## Task to carry out
The whole listing below should be printed again exactly, with no images.

Top of Dataset content

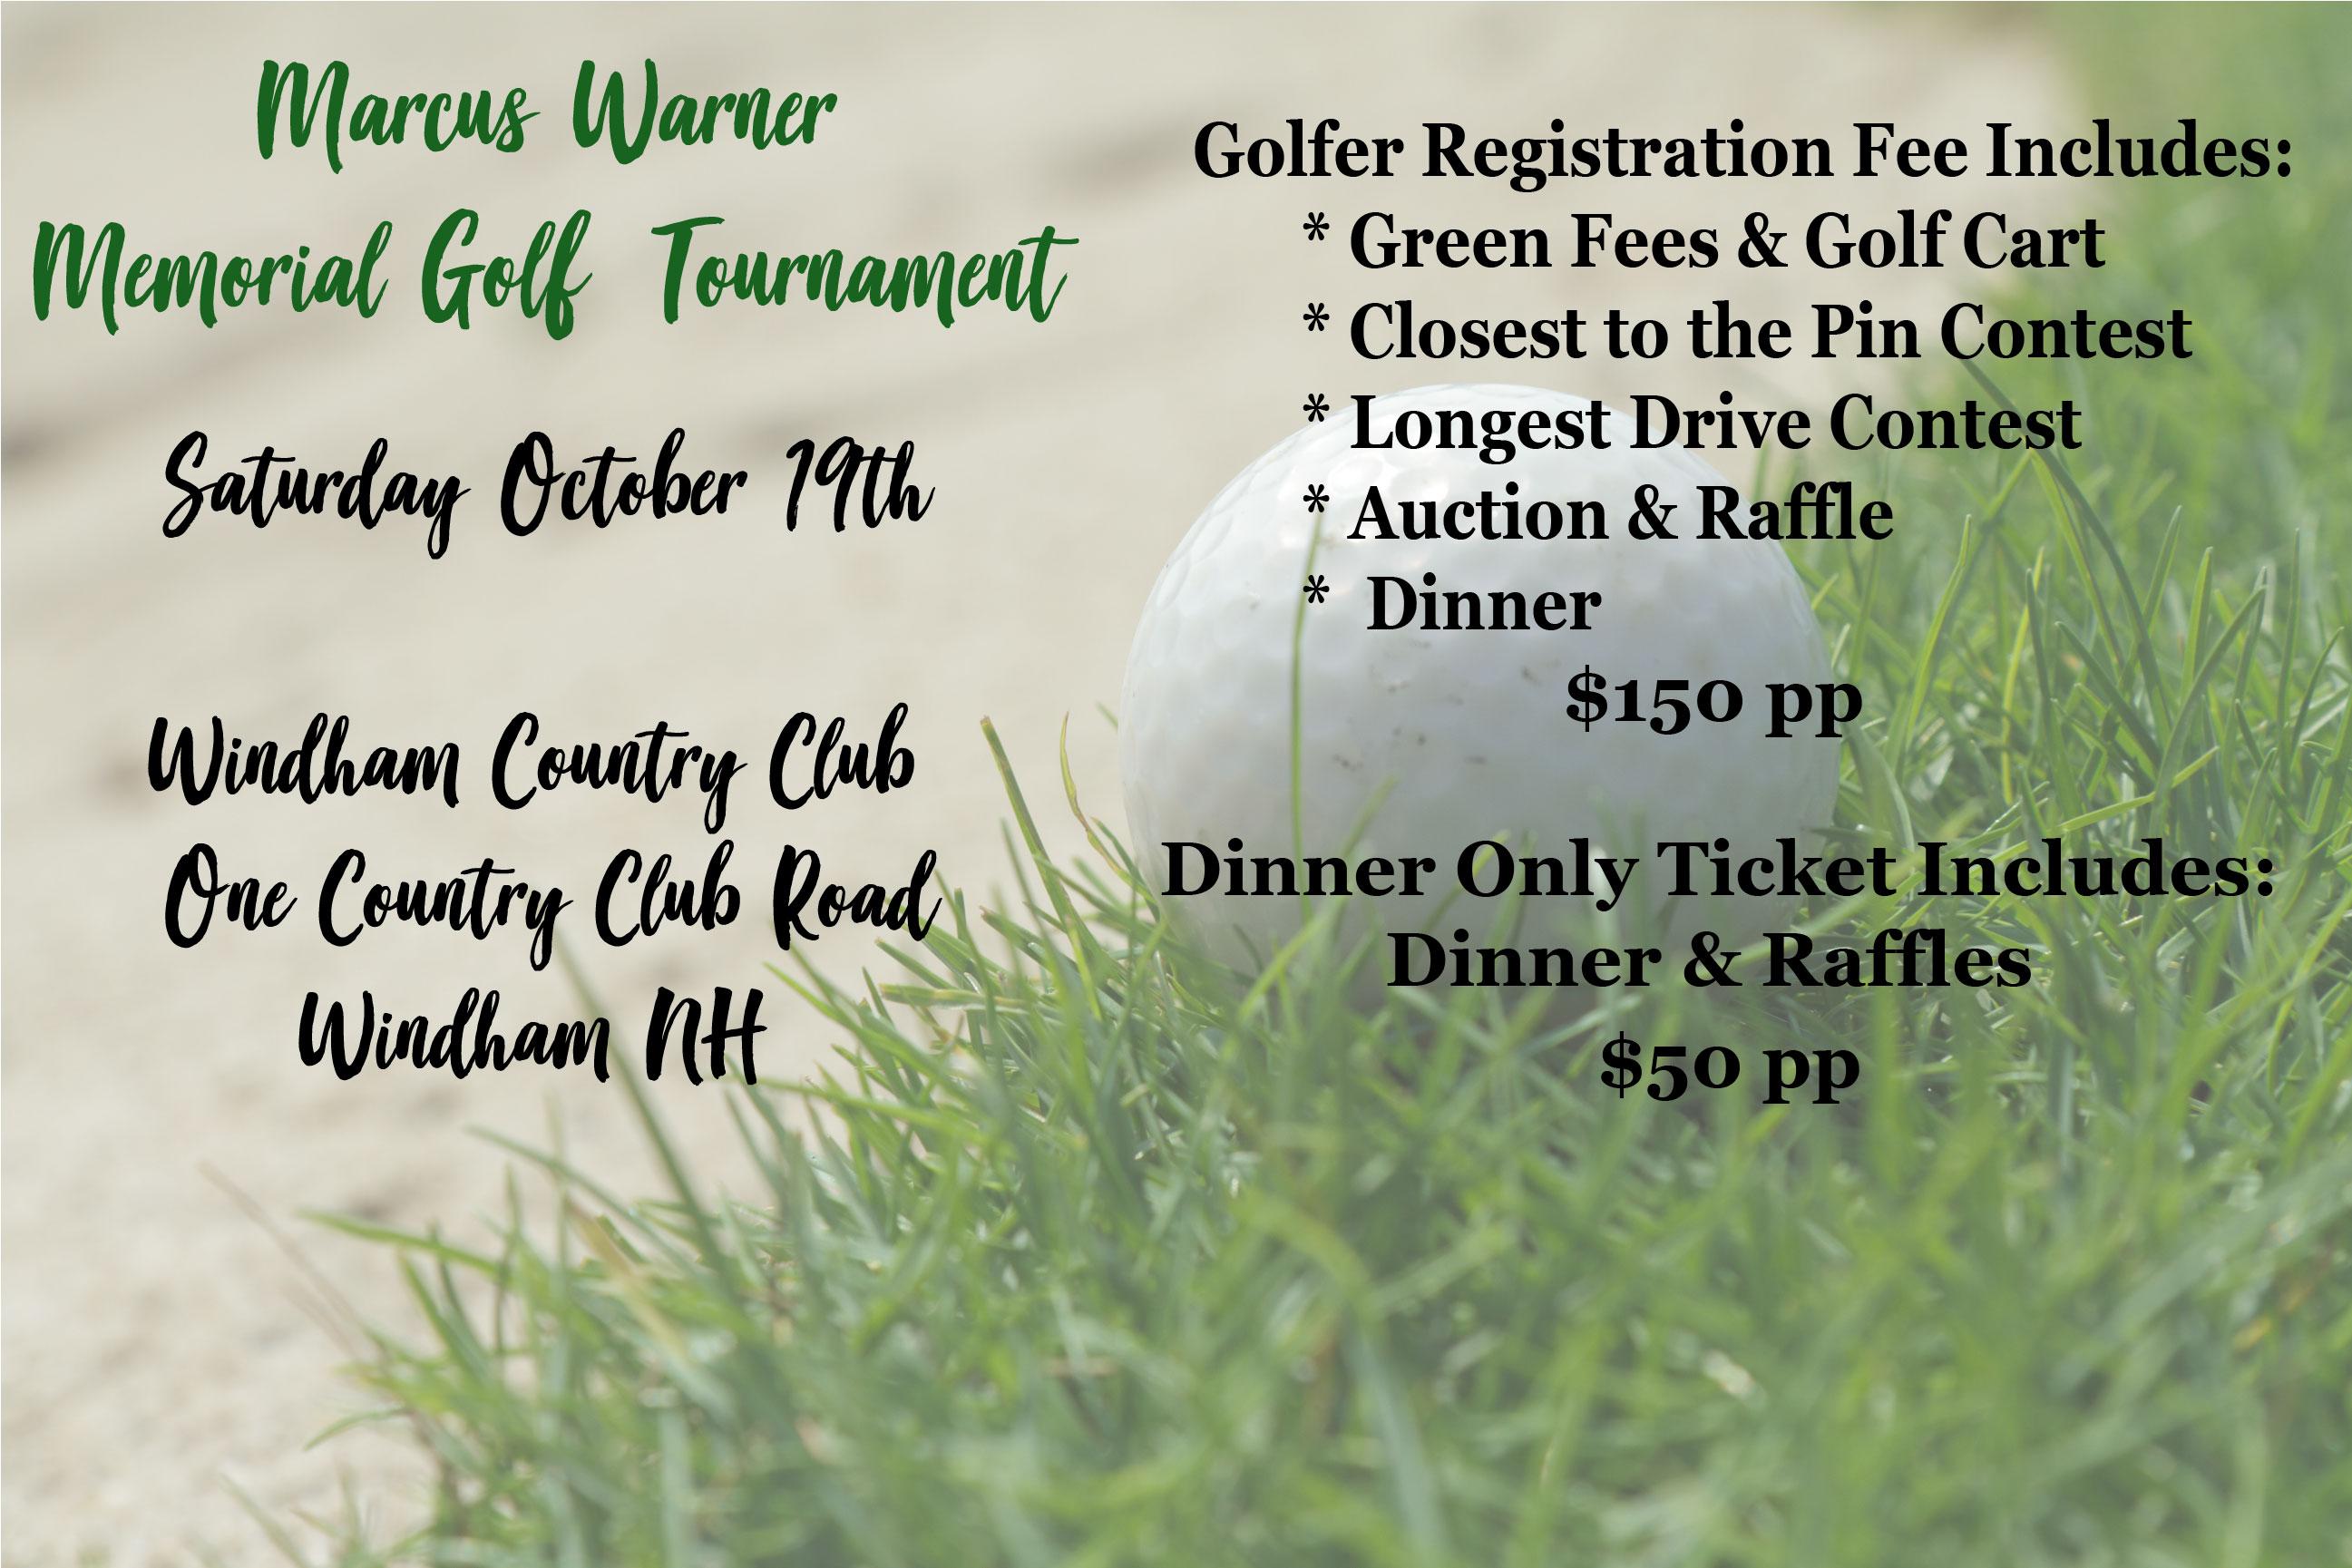 Marcus Warner Memorial Golf Tournament
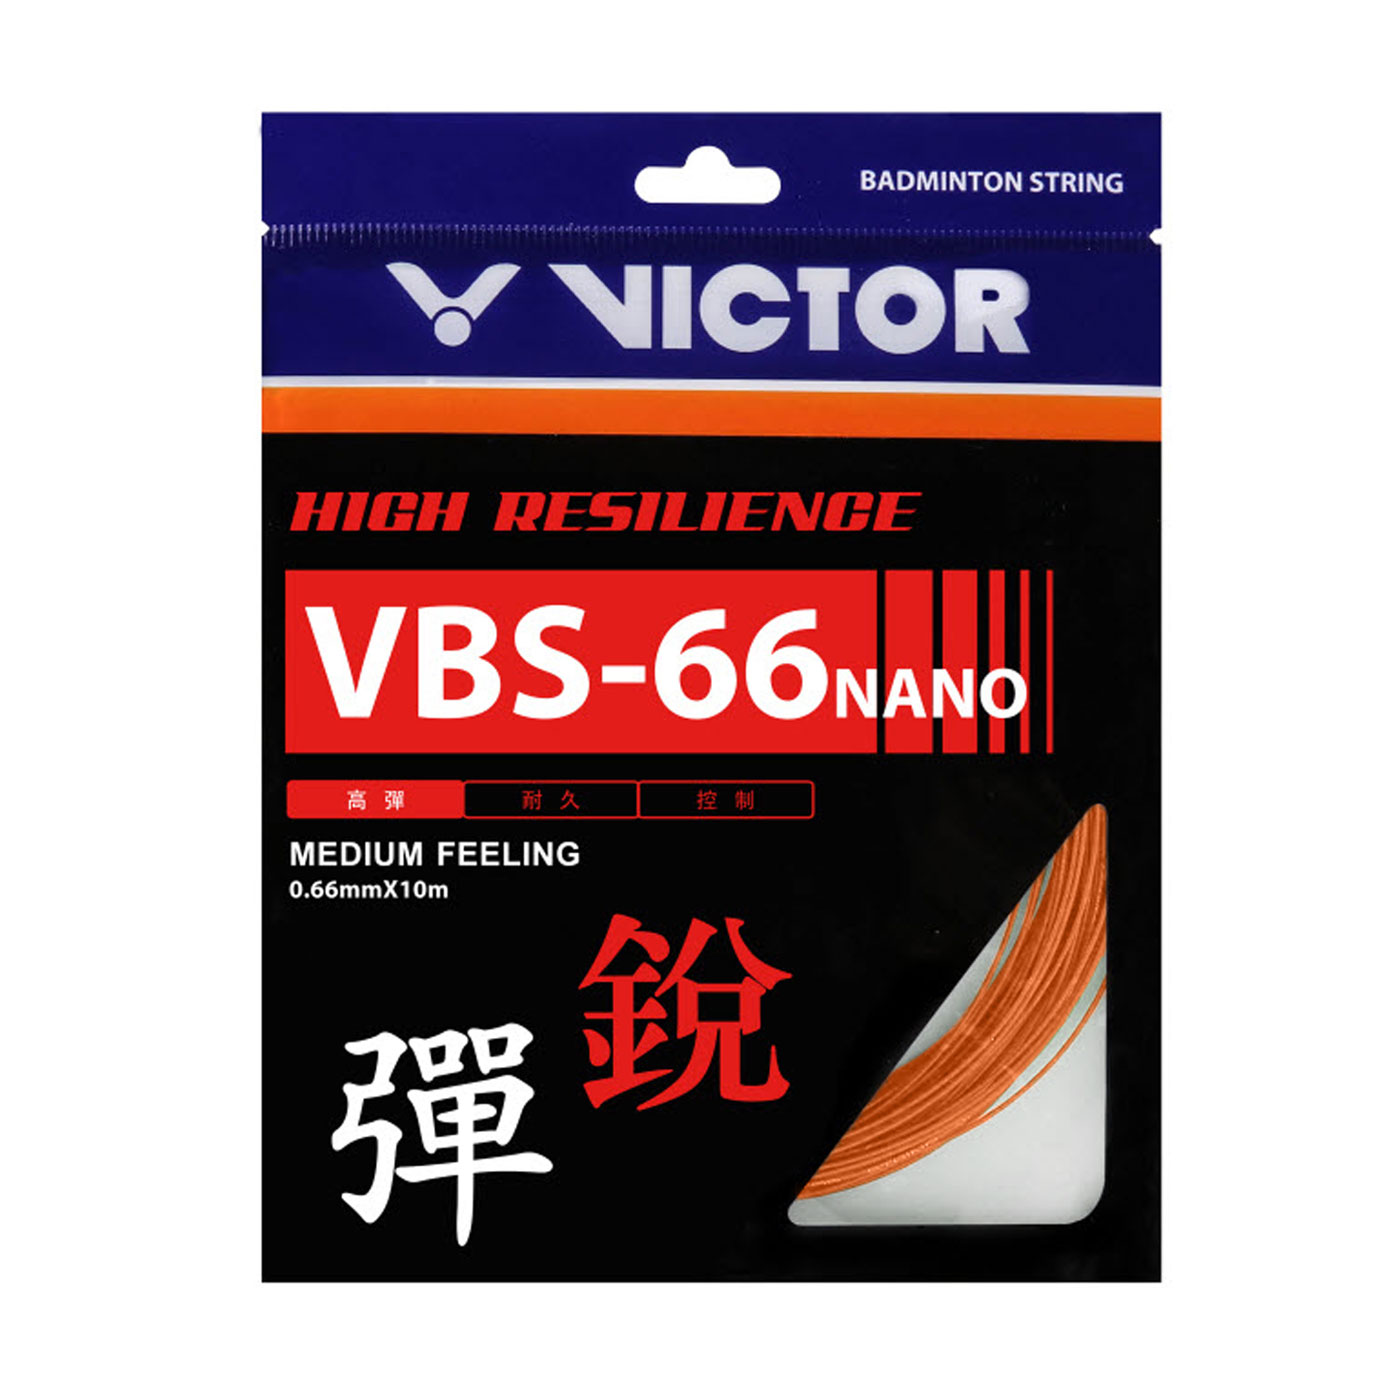 VICTOR 特定-高彈羽拍線-銳 VBS-66N-O - 橘
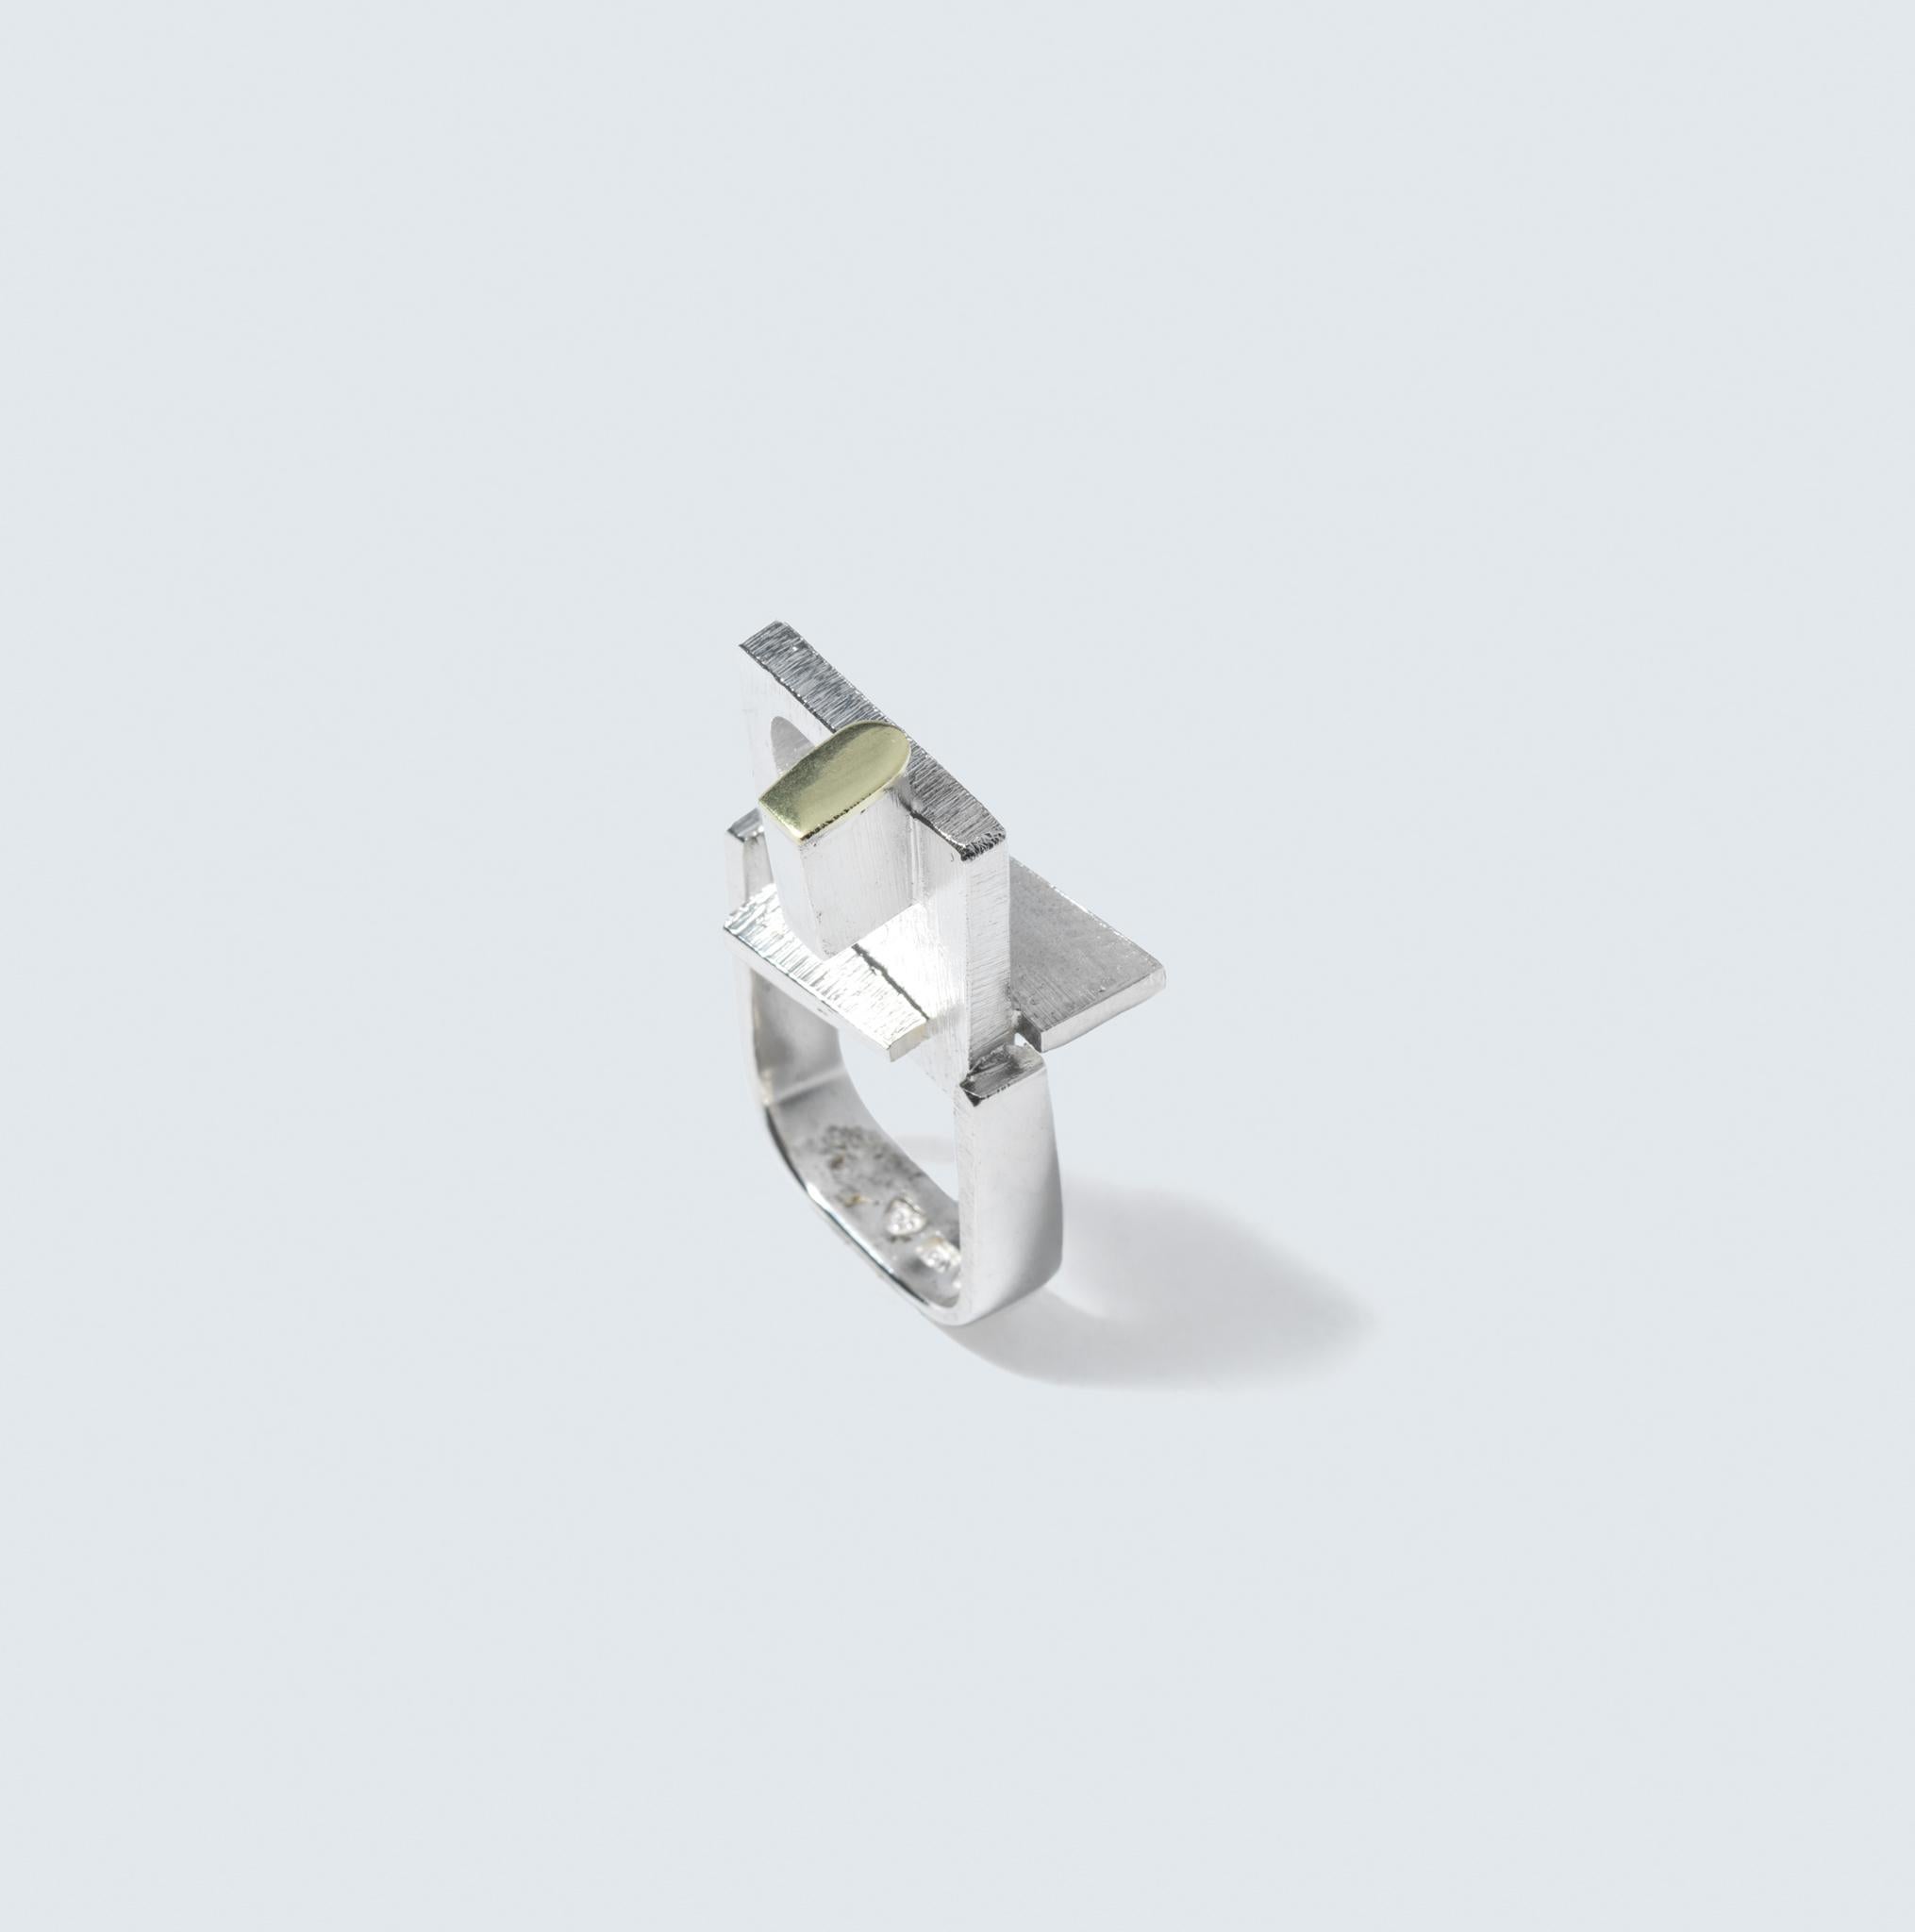 Ein einzigartiger Ring, der Silber und 18-karätiges Gold in einem industriellen Design miteinander verbindet. Das Band des Rings ist quadratisch und verleiht ihm ein modernes und strukturiertes Aussehen. In der Mitte befindet sich eine Anordnung

Bottom of Dataset content

## Your solution
 Marcus Warner Memorial Golf Tournament
 VICTOR 特定-高彈羽拍線-銳 VBS-66N-O - 橘
 Ein einzigartiger Ring, der Silber und 18-karätiges Gold in einem industriellen Design miteinander verbindet. Das Band des Rings ist quadratisch und verleiht ihm ein modernes und strukturiertes Aussehen. In der Mitte befindet sich eine Anordnung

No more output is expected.